_Provided data_:
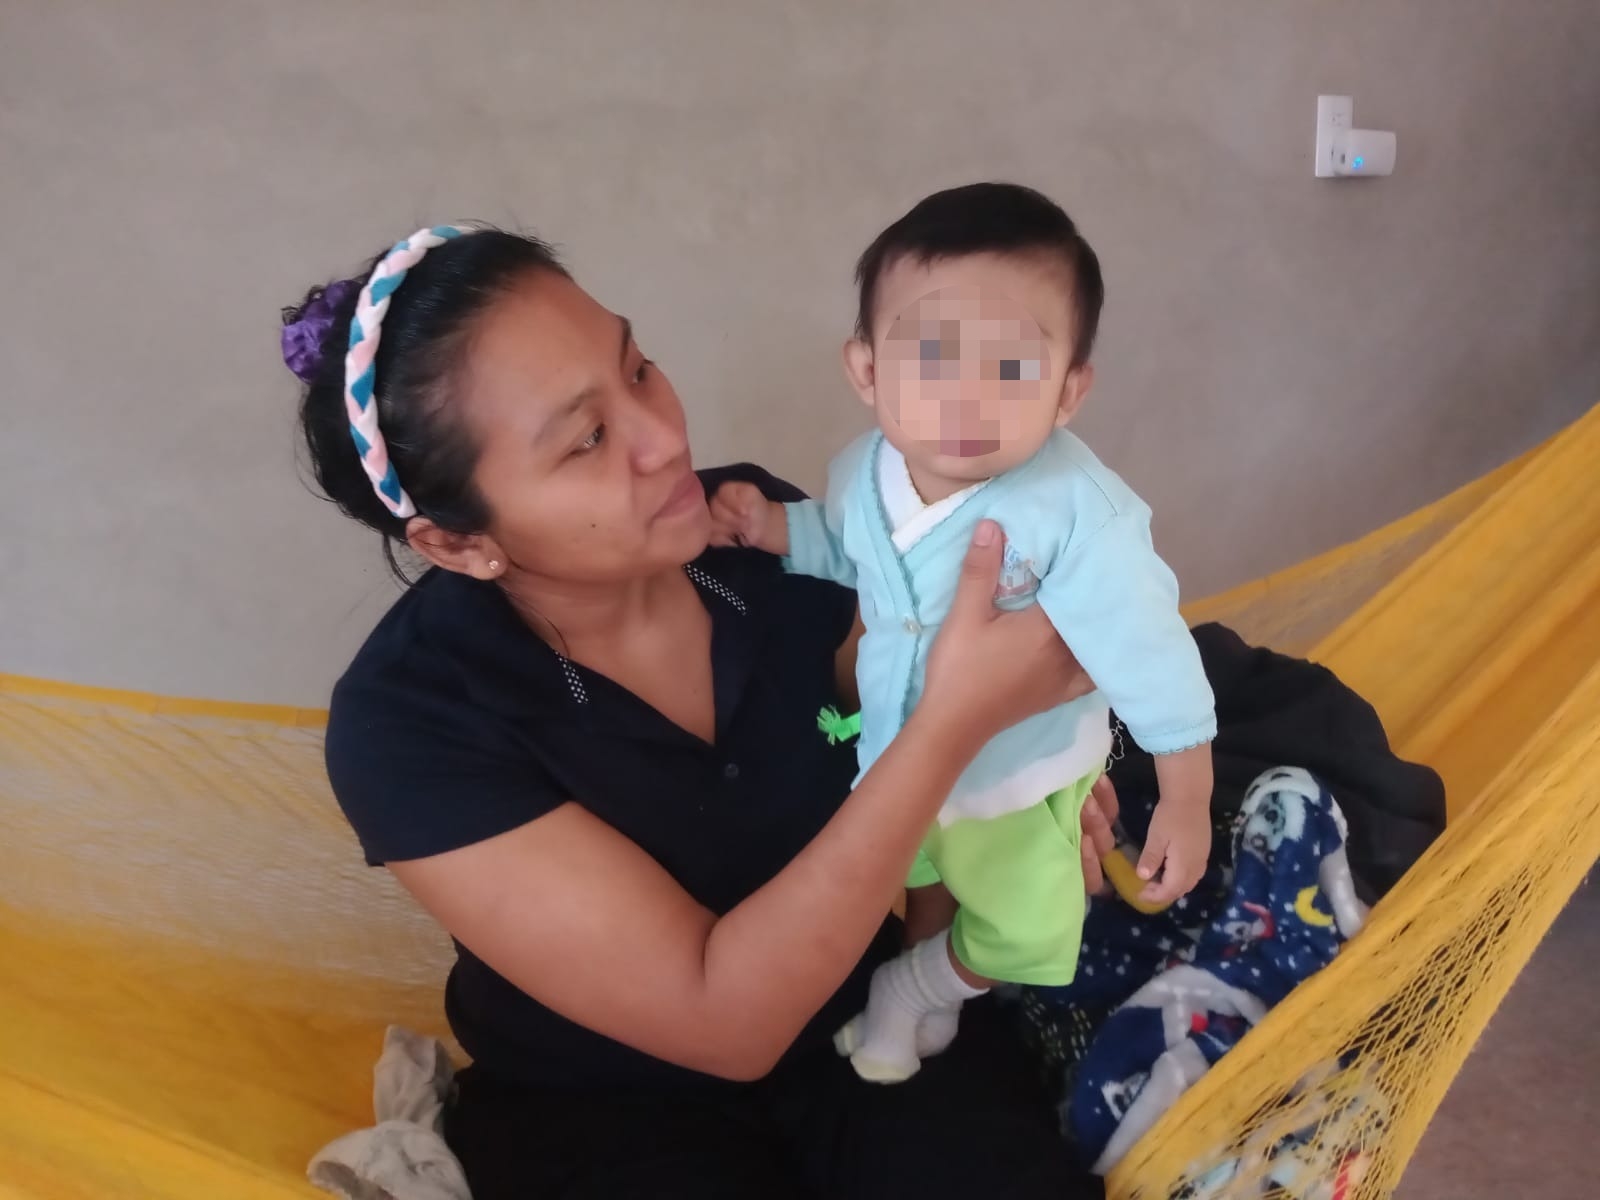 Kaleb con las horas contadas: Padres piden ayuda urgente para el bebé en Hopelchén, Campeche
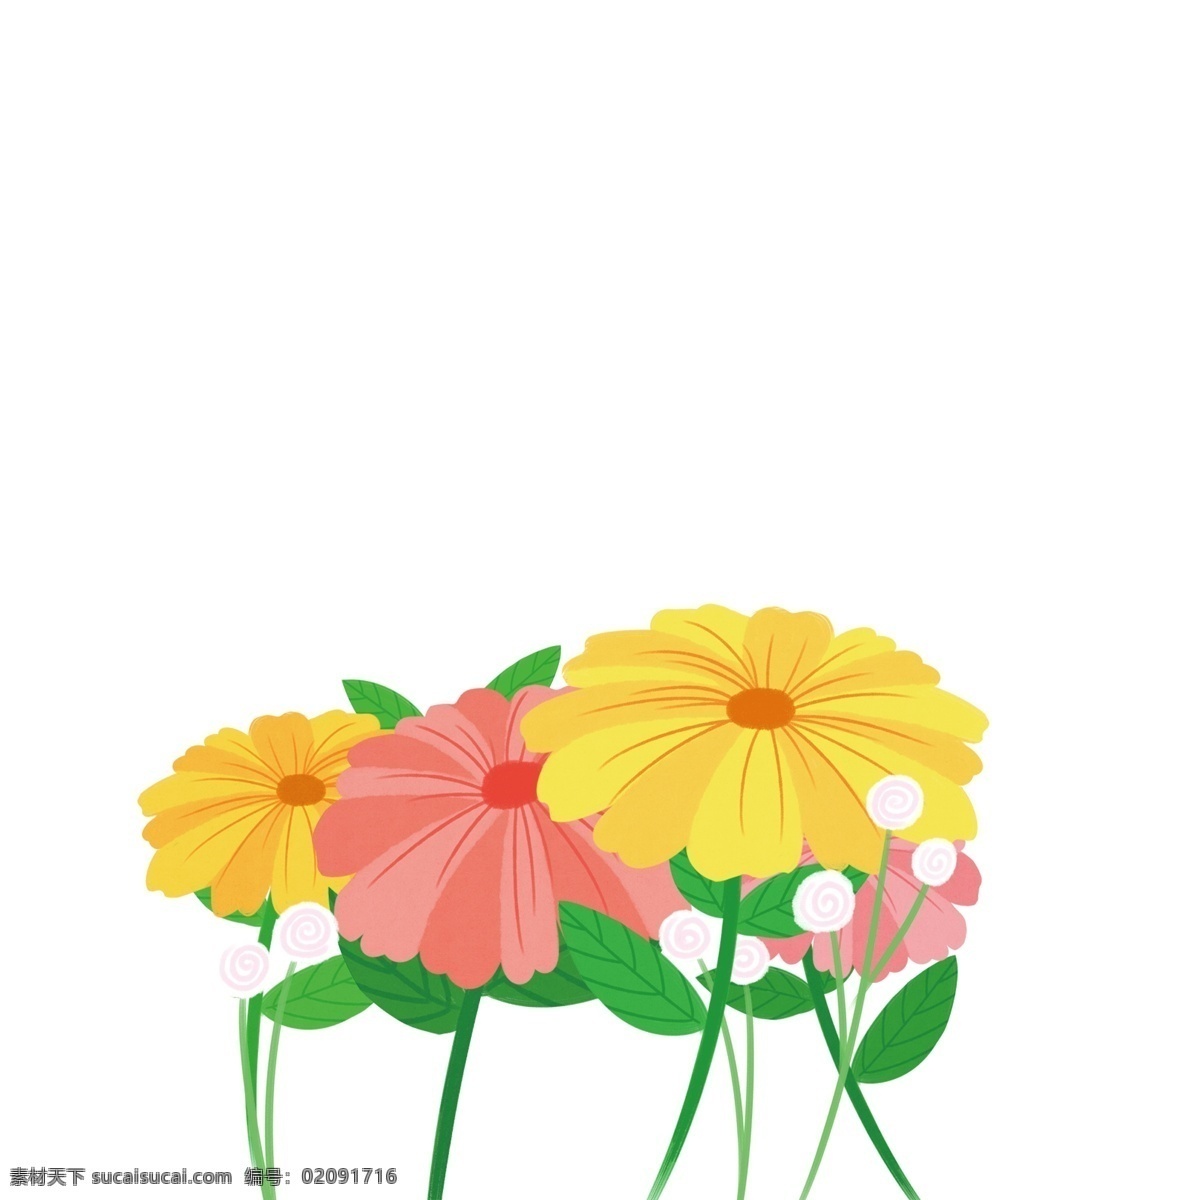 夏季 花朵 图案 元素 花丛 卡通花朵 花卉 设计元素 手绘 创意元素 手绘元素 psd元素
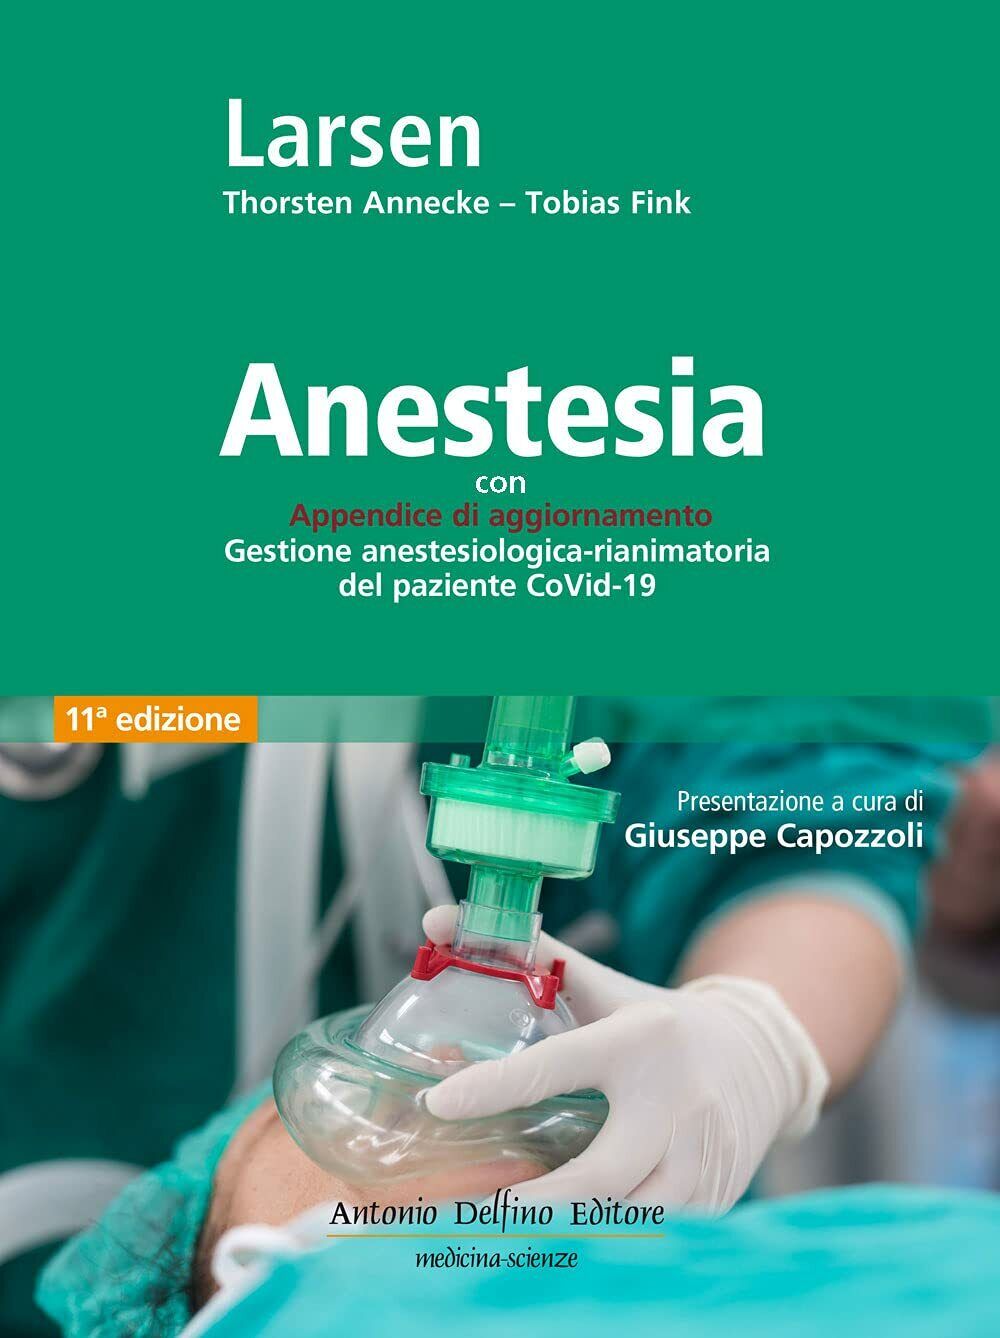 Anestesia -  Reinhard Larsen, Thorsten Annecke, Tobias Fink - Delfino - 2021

_Problem requirements_: Word for word, write out the full listing, leaving the pictures aside.

_Reply_:
 Kaleb con las horas contadas: Padres piden ayuda urgente para el bebé en Hopelchén, Campeche
 夏季 花朵 图案 元素 花丛 卡通花朵 花卉 设计元素 手绘 创意元素 手绘元素 psd元素
 Anestesia -  Reinhard Larsen, Thorsten Annecke, Tobias Fink - Delfino - 2021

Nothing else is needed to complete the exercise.